It's Tuesday, May Whatever.
I think I counted about thirty-two stuffed animals hanging on the clothesline, mostly bears, hanging neatly by their ears, and dripping water on the sun-warmed concrete. Clearly the resident little person had been doing his/her Spring cleaning.
It wasn't the only sign that Spring was here. I also saw luminous green grass, candy-coloured tulips, and topless old men riding rickety bicycles. And of course, with the trees and the flowers and the grass came the (ah-ah-ah-) aaaaaa-allergies that conspire to make my life miserable.
But they weren't the only thing bothering me this Spring. I was bummed because we were broke -- a really 21st century broke -- meaning up to our noses in debt. A student loan kind of broke, a recently moved across Canada kind of broke, a no-credit to buy a house kind of broke, and partly a quality of life choice kind of broke.
Of course, the problem wasn't being broke. I had been broke for a long time.
The problem was that I wanted to play tennis.
This was something I was able to do in Vancouver whether I was broke or only half-broke. But in Drummondville it was going to cost us at least $100 to gain access to a court and needless to say, we didn't have it. And so, I became depressed at the thought of a tennis-less summer.
Then I thought: Why be depressed? Why not be rebels with a cause? Why not play tennis wherever and whenever we can? (Long live free access to recreation!)
So on Tuesday May whatever, we headed down to a set of beautiful courts by the river. And we played. Only one of the four courts was being used, anyway. And somehow, I felt better.
Maybe Spring has a way of making you believe nothing matters. After playing, we sat by the St-François River. Ghis meandered off to get the sunscreen from the car and while he was gone, the wind gently flipped through the pages of his book.
When he came back, I put on the sunscreen which smelled like a giant papaya. "Things are not so bad," I thought as I gazed across the sparkling river.
I played an old trick and imagined myself into an empty-looking house on the far bank -- an expensive one. It was close to the water and had a pool. "I could laze around there on hot days," I thought, "the icy cold water reviving and revitalizing me."
Or how about the two-story blue house with the round submarine window? I could carry a tall lemonade up the stairs in the afternoons and sit in my submarine office and write a novel.

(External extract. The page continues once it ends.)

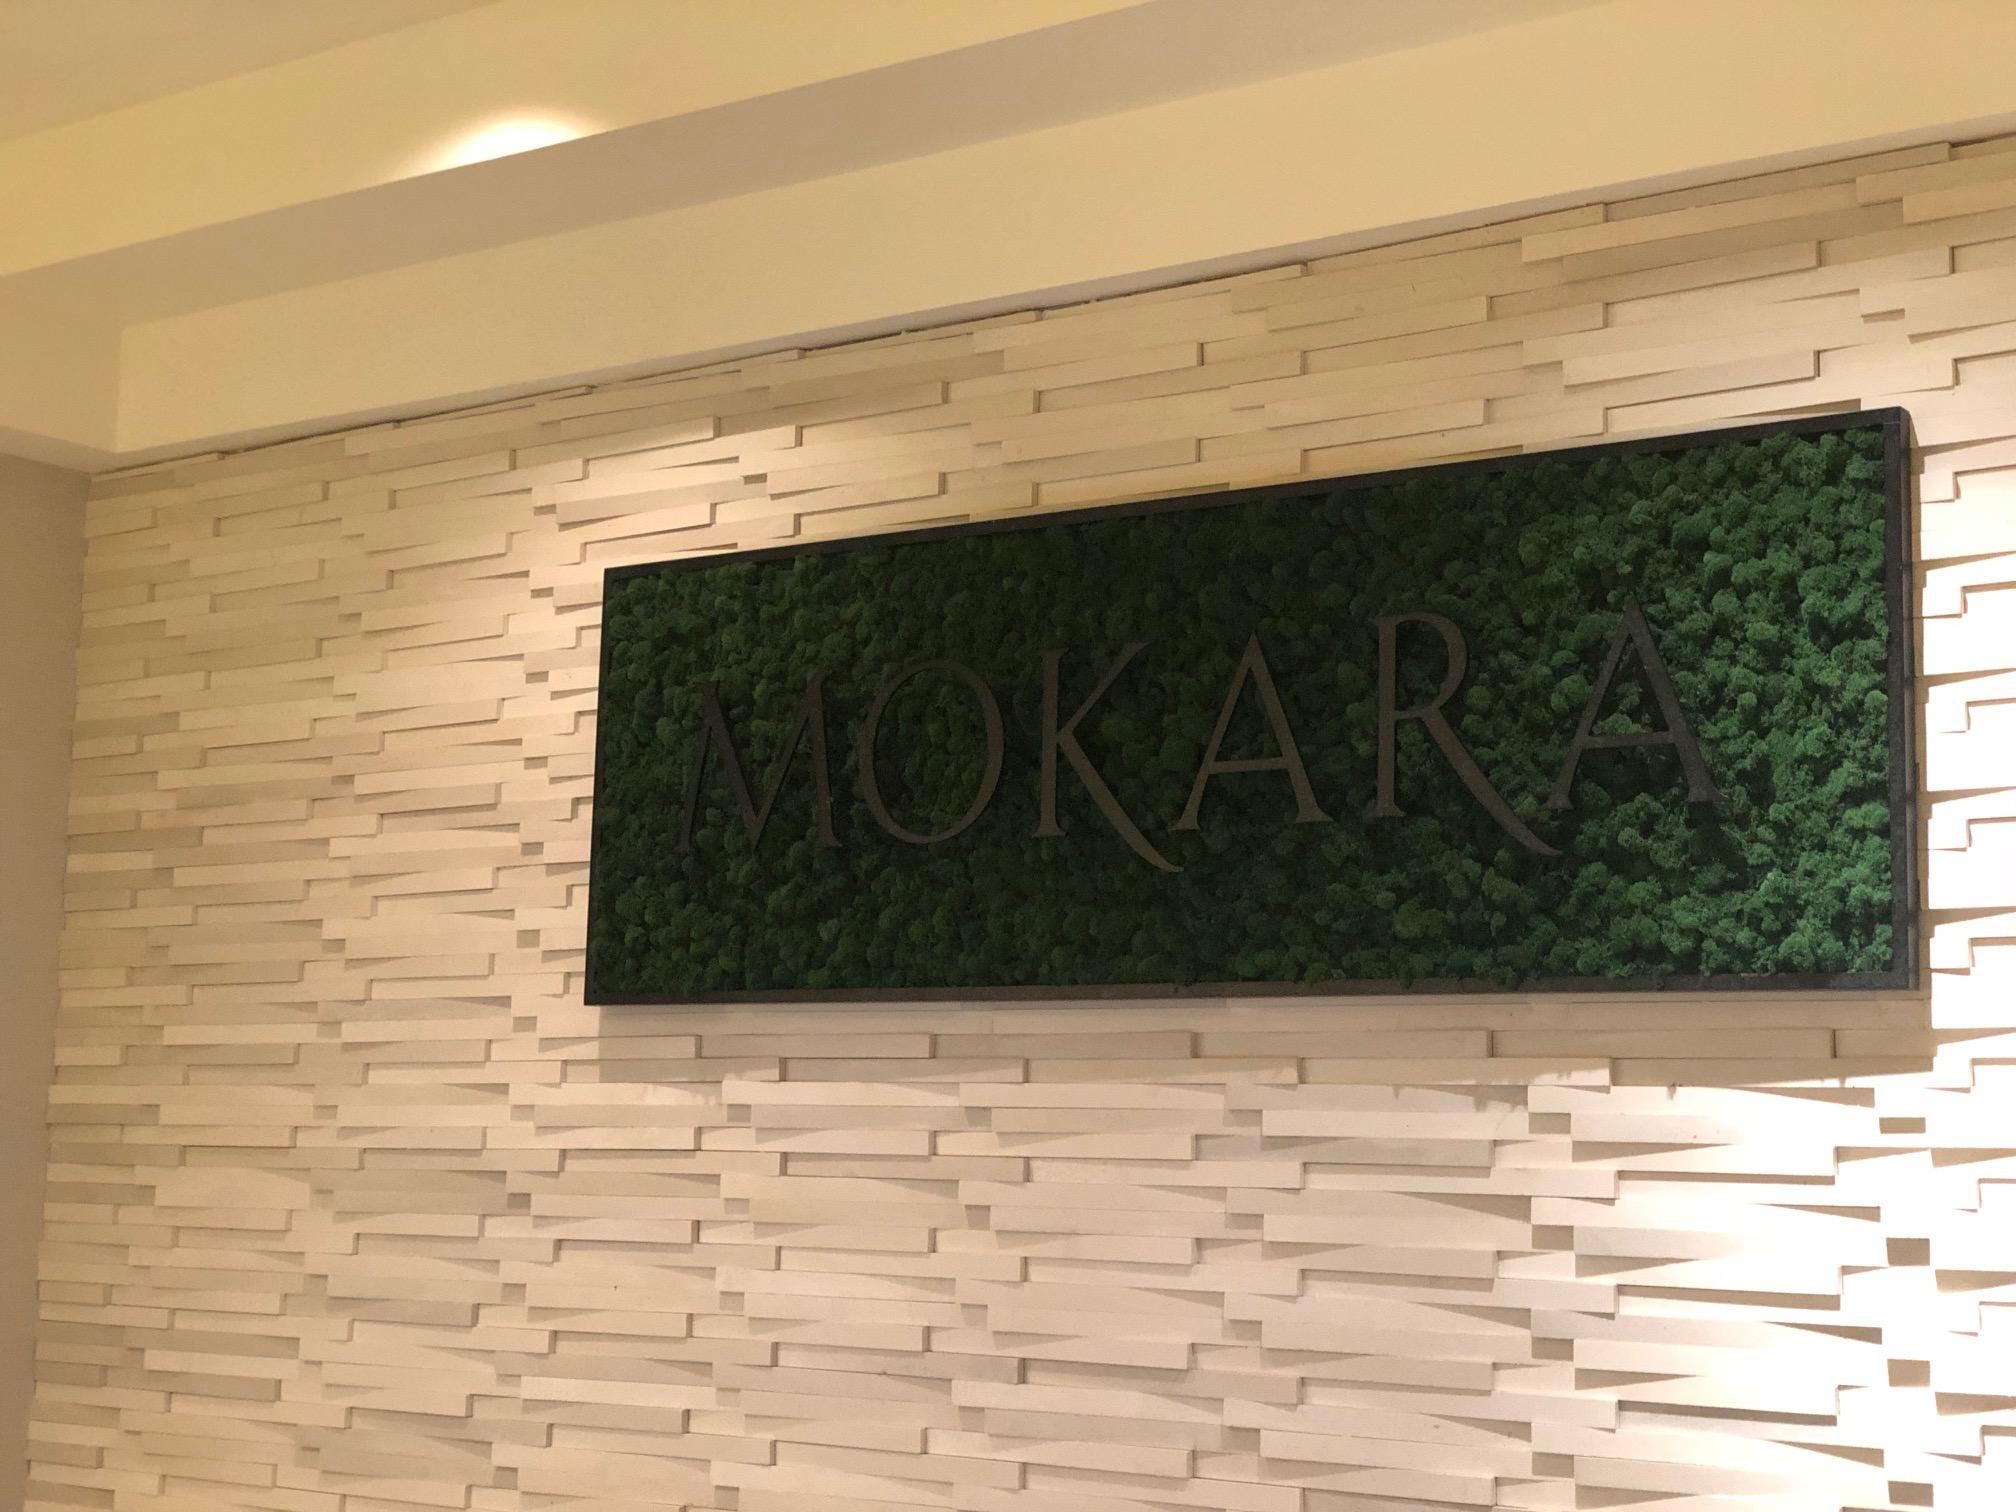 Mokara Logo with Moss installed

Suddenly, like a rock splashing into the glassy water, I woke up. I was not there, I was here, and I didn't have a house. I didn't have the money to buy a house and I wasn't sure when I would -- unless the river bank could give us a loan.
Then a realization floated by on a Spring breeze and I grabbed it. It was Tuesday May whatever and I was not at work like the people who lived in the houses. Maybe we didn't have money, but we had time. And playing rebel tennis and sitting in the sun with the-one-I-that-I-love? What could be better than that?